The following function $\operatorname{encode}$ is a binary, bijective function: $$\operatorname{encode}(x,y) := \binom{x+y+1}{2} + x = z$$
This function comes up in the context of theoretical computer science in order to prove that LOOP-computable functions are primitive recursive. Because it is bijective, the function can be used to encode two numbers inside one.
Now given this function, what are the two inverse functions that decode a given $z$ into $x$ and $y$?

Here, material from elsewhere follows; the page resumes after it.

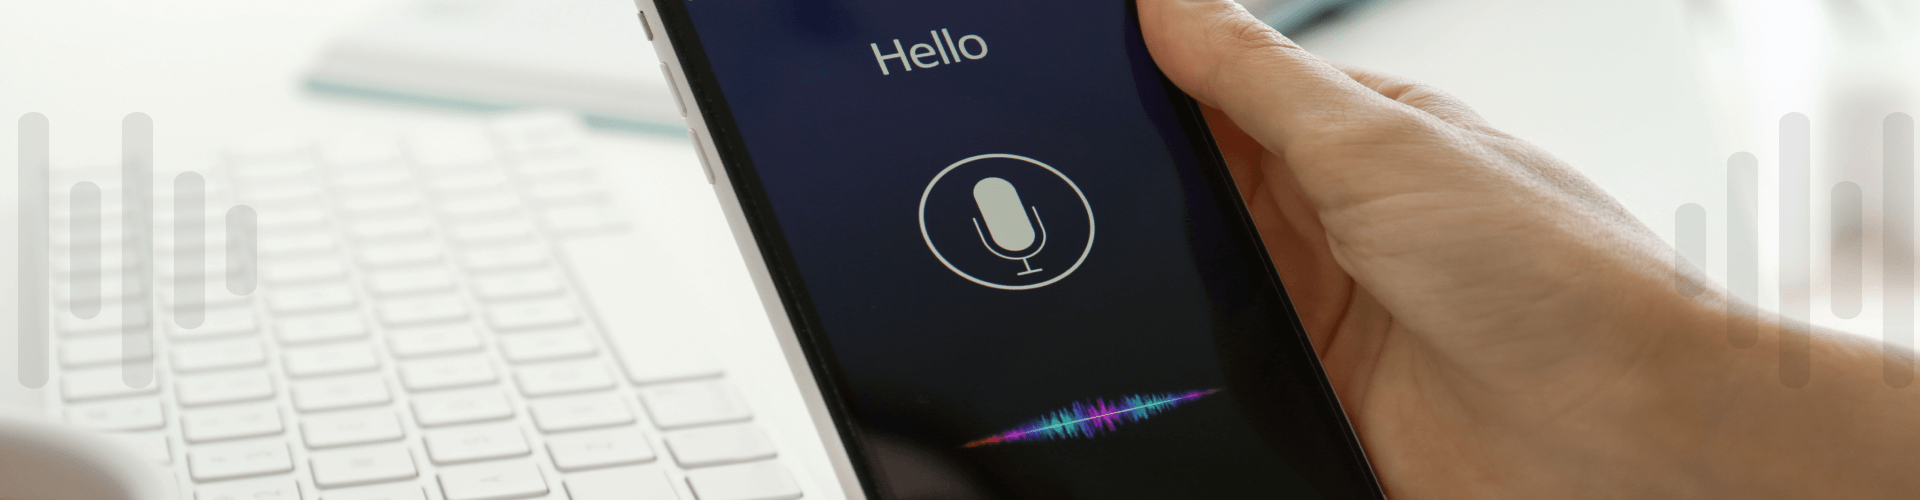 Voice search optimization deatiled
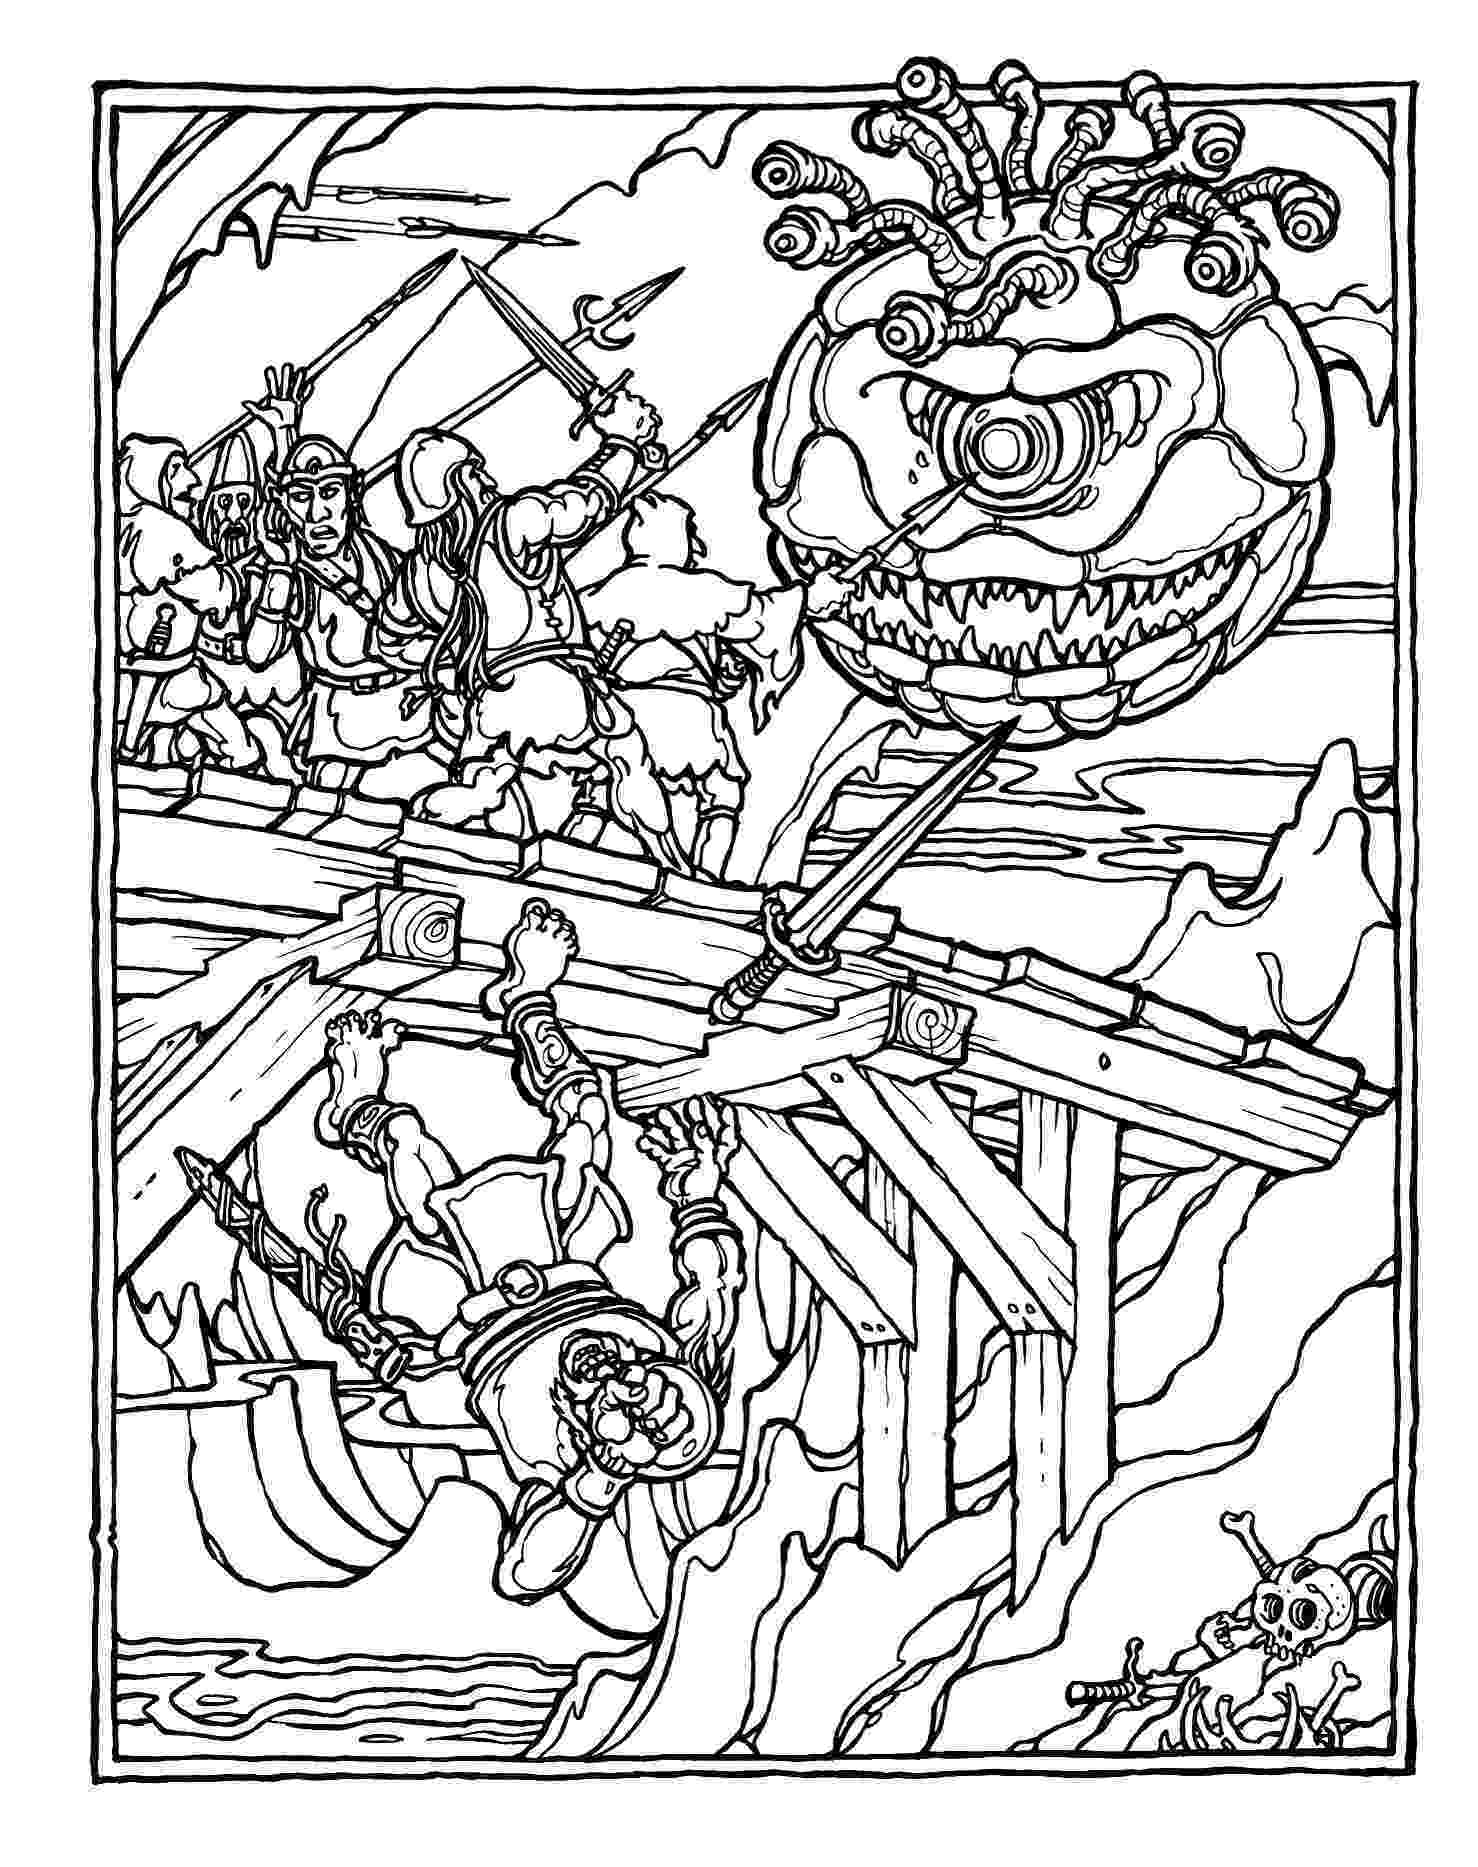 coloring page book monster brains the official advanced dungeons and dragons book coloring page

$$\operatorname{decode}_x(z) := \; ? \\ \operatorname{decode}_y(z) := \; ?$$
Do explicit forms of these function even exist? I can calculate the inverse of the function with respect to $x$ or $y$ individually, but these functions always depend on $z$ and the other parameter:
$$\operatorname{decode}_x(z, y) := \frac{1}{2} \left( \pm \sqrt{8z + 8y + 9} - 2y -3 \right) \\ \operatorname{decode}_y(z, x) := \frac{1}{2} \left( \pm \sqrt{8z - 8x + 1} - 2x - 1 \right) $$
As @AndréNicolas correctly noted, this encoding function is the Cantor pairing function. Given
$$\operatorname{encode}(x,y) = \binom{x+y+1}{2} + x = \frac{1}{2} (x+y)(x+y+1) + x = z$$
we introduce additional variables to help derive the $\operatorname{decode}$ functions:
\begin{align} w &:= x + y \\ t &:= \binom{x+y+1}{2} = \frac{1}{2} w (w+1) \\ z &:= t + x \end{align}
We write the second equation as a function of $w$ and derive its inverse:
\begin{align} t &= T(w) = \frac{1}{2} w (w+1) \\ 0 &= w^2 + w - 2t \\ w &= T^{-1}(t) = \frac{1}{2} \left( \sqrt{8t+1} - 1 \right). \end{align}
From this, we can follow an upper and lower bound for $w$:
\begin{array}{rcl} t \leq& t + x &< t + x + y + 1 \\ t \leq& z &< t + (w + 1) \\ t \leq& z &< \frac{1}{2} ((w+1)^2 + (w+1)) \\ T(w) \leq& z &< T(w+1) \\ w \leq& \frac{1}{2} \left( \sqrt{8z+1} - 1 \right) &< w+1 \\ \end{array}
Because $w \in \mathbb{N}_0$, we get: \begin{align} w &= \left\lfloor \frac{1}{2} \left( \sqrt{8z+1} - 1 \right) \right\rfloor \\ \operatorname{decode}_x(z) &= z \: - t \, = \phantom{-} z - \frac{1}{2} w (w + 1) \\ \operatorname{decode}_y(z) &= w - x = - z + \frac{1}{2} w (w + 3) \end{align}